- [WHAT YOU NEED TO DO]: Set down the final stretch of the data, from the line that holds "Silver Heart Expandable" through the last line, both included, with pictures left out.

- [STORED DATA]:
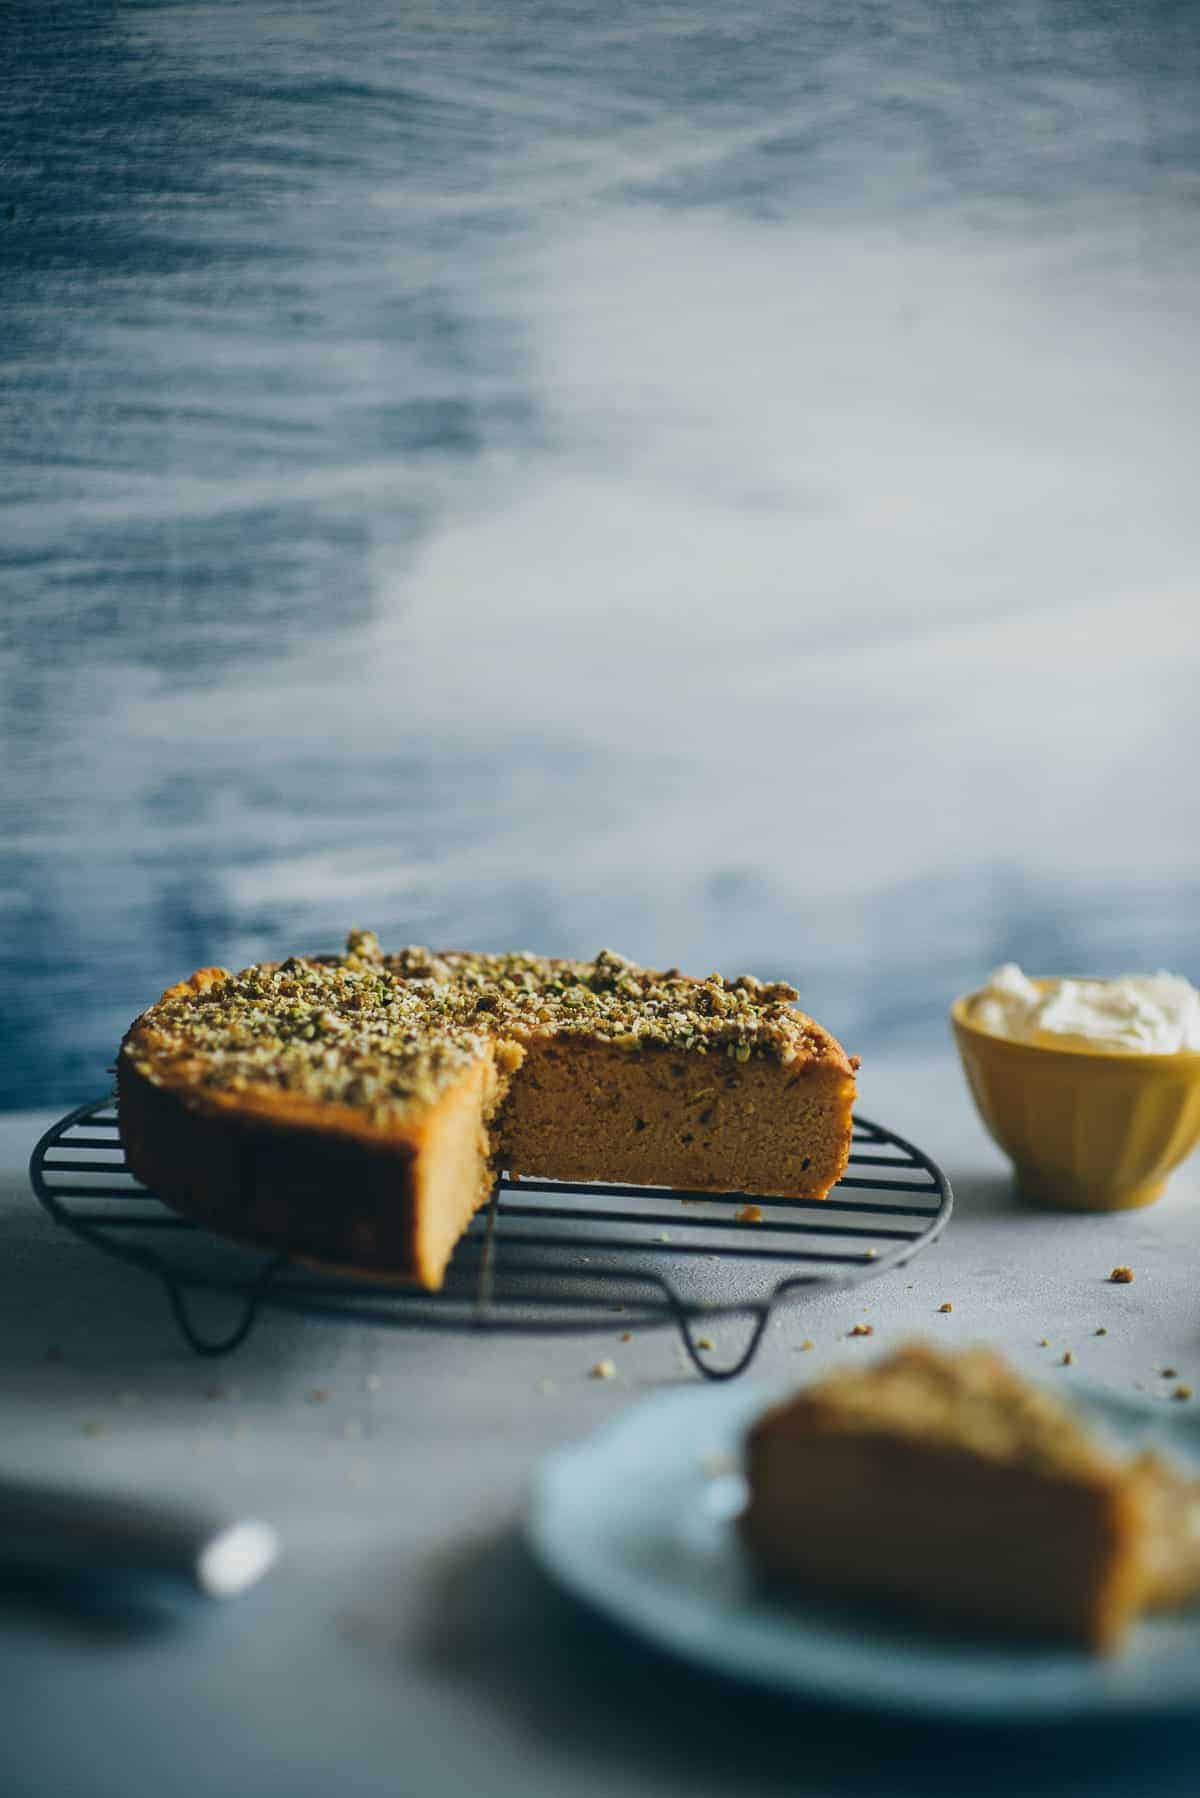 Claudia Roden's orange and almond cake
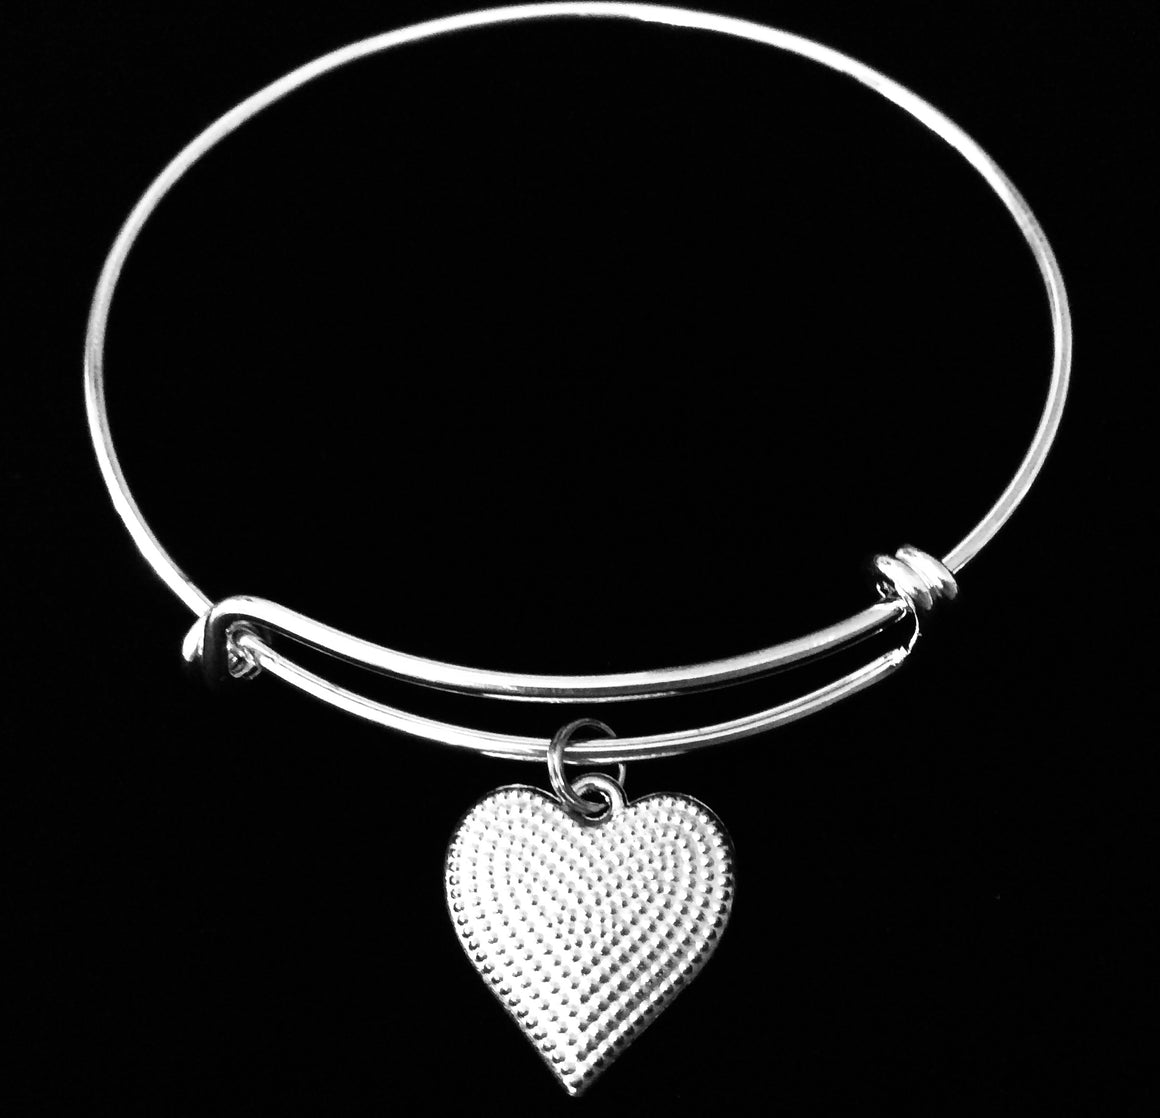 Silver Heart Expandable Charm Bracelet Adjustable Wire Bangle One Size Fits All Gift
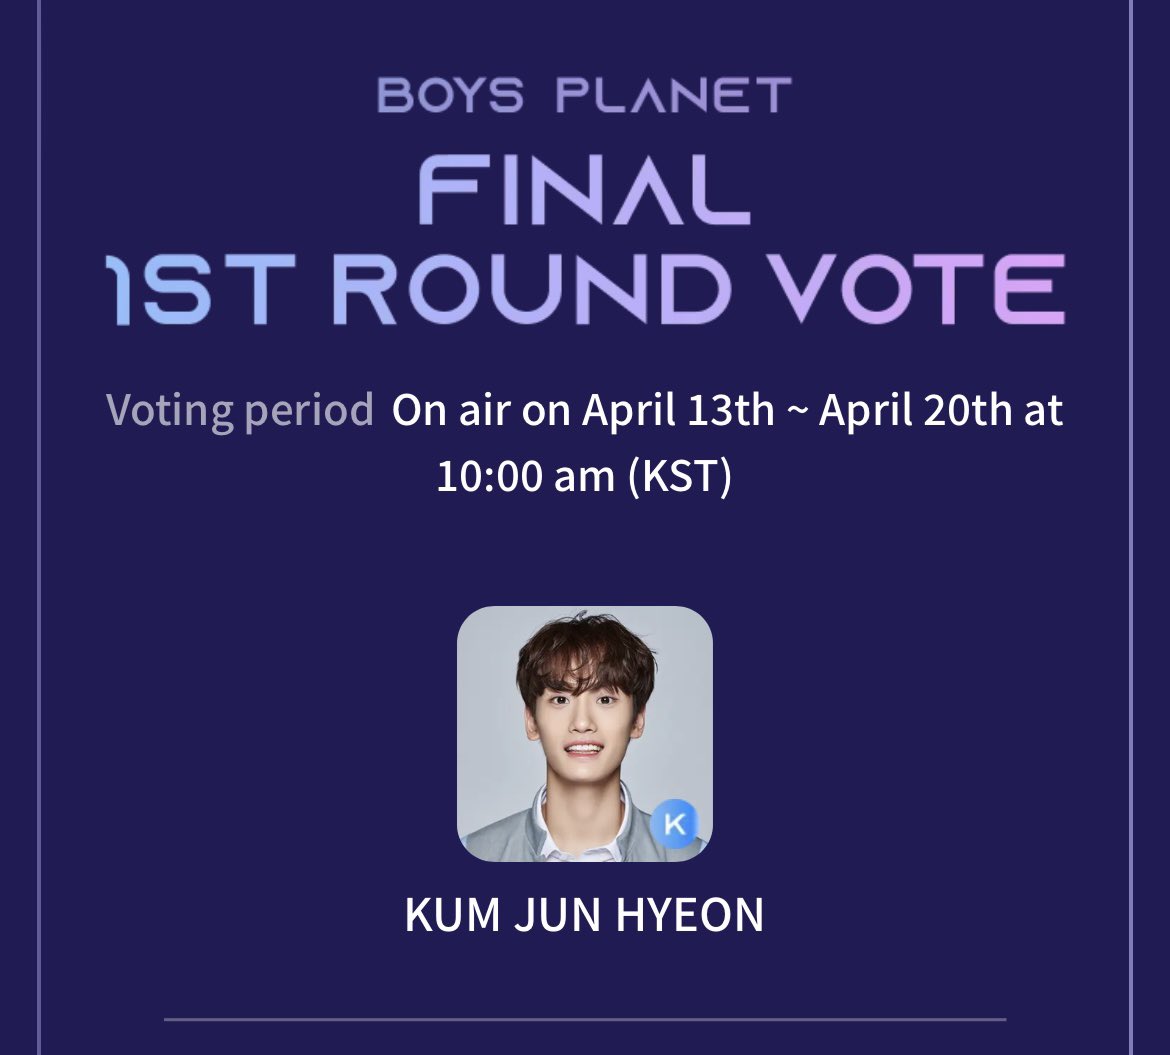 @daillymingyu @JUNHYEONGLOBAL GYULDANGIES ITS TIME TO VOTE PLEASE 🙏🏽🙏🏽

- [ANSWER FOR THIS EXERCISE]:
 Silver Heart Expandable Charm Bracelet Adjustable Wire Bangle One Size Fits All Gift
 @daillymingyu @JUNHYEONGLOBAL GYULDANGIES ITS TIME TO VOTE PLEASE 🙏🏽🙏🏽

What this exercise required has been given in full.